** Material provided follows **

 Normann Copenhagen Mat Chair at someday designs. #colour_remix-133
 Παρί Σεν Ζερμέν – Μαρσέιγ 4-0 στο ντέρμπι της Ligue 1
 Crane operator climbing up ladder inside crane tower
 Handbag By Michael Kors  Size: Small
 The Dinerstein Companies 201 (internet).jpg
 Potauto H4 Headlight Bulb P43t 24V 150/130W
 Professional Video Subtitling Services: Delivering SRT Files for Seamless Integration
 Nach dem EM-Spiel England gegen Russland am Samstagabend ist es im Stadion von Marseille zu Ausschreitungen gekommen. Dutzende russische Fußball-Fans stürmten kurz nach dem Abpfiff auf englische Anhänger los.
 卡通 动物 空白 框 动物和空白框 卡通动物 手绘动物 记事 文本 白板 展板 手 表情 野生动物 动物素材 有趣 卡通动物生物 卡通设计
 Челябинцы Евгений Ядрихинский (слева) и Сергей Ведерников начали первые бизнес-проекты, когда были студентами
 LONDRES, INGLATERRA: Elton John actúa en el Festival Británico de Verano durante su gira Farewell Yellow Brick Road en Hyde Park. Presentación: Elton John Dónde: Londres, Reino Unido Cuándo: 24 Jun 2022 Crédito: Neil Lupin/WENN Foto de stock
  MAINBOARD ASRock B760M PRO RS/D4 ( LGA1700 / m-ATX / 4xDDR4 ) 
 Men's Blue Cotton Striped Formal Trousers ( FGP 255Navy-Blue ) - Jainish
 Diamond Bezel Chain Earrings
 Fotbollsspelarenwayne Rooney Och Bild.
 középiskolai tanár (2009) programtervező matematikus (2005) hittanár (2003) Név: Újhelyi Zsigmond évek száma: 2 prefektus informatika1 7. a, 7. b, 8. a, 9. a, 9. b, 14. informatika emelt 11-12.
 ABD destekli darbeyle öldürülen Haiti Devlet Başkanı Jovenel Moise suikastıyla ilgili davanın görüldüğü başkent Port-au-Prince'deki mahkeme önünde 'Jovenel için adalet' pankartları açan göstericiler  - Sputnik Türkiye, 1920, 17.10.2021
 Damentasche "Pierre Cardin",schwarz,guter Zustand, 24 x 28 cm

** End of Material provided **

[About this exercise] An exact copy of the lines above, from the one containing "Nach dem EM-Spiel" down to the one containing "Челябинцы Евгений Ядрихинский" and including both, is the whole answer; retype it and nothing else.

[Expected answer]
 Nach dem EM-Spiel England gegen Russland am Samstagabend ist es im Stadion von Marseille zu Ausschreitungen gekommen. Dutzende russische Fußball-Fans stürmten kurz nach dem Abpfiff auf englische Anhänger los.
 卡通 动物 空白 框 动物和空白框 卡通动物 手绘动物 记事 文本 白板 展板 手 表情 野生动物 动物素材 有趣 卡通动物生物 卡通设计
 Челябинцы Евгений Ядрихинский (слева) и Сергей Ведерников начали первые бизнес-проекты, когда были студентами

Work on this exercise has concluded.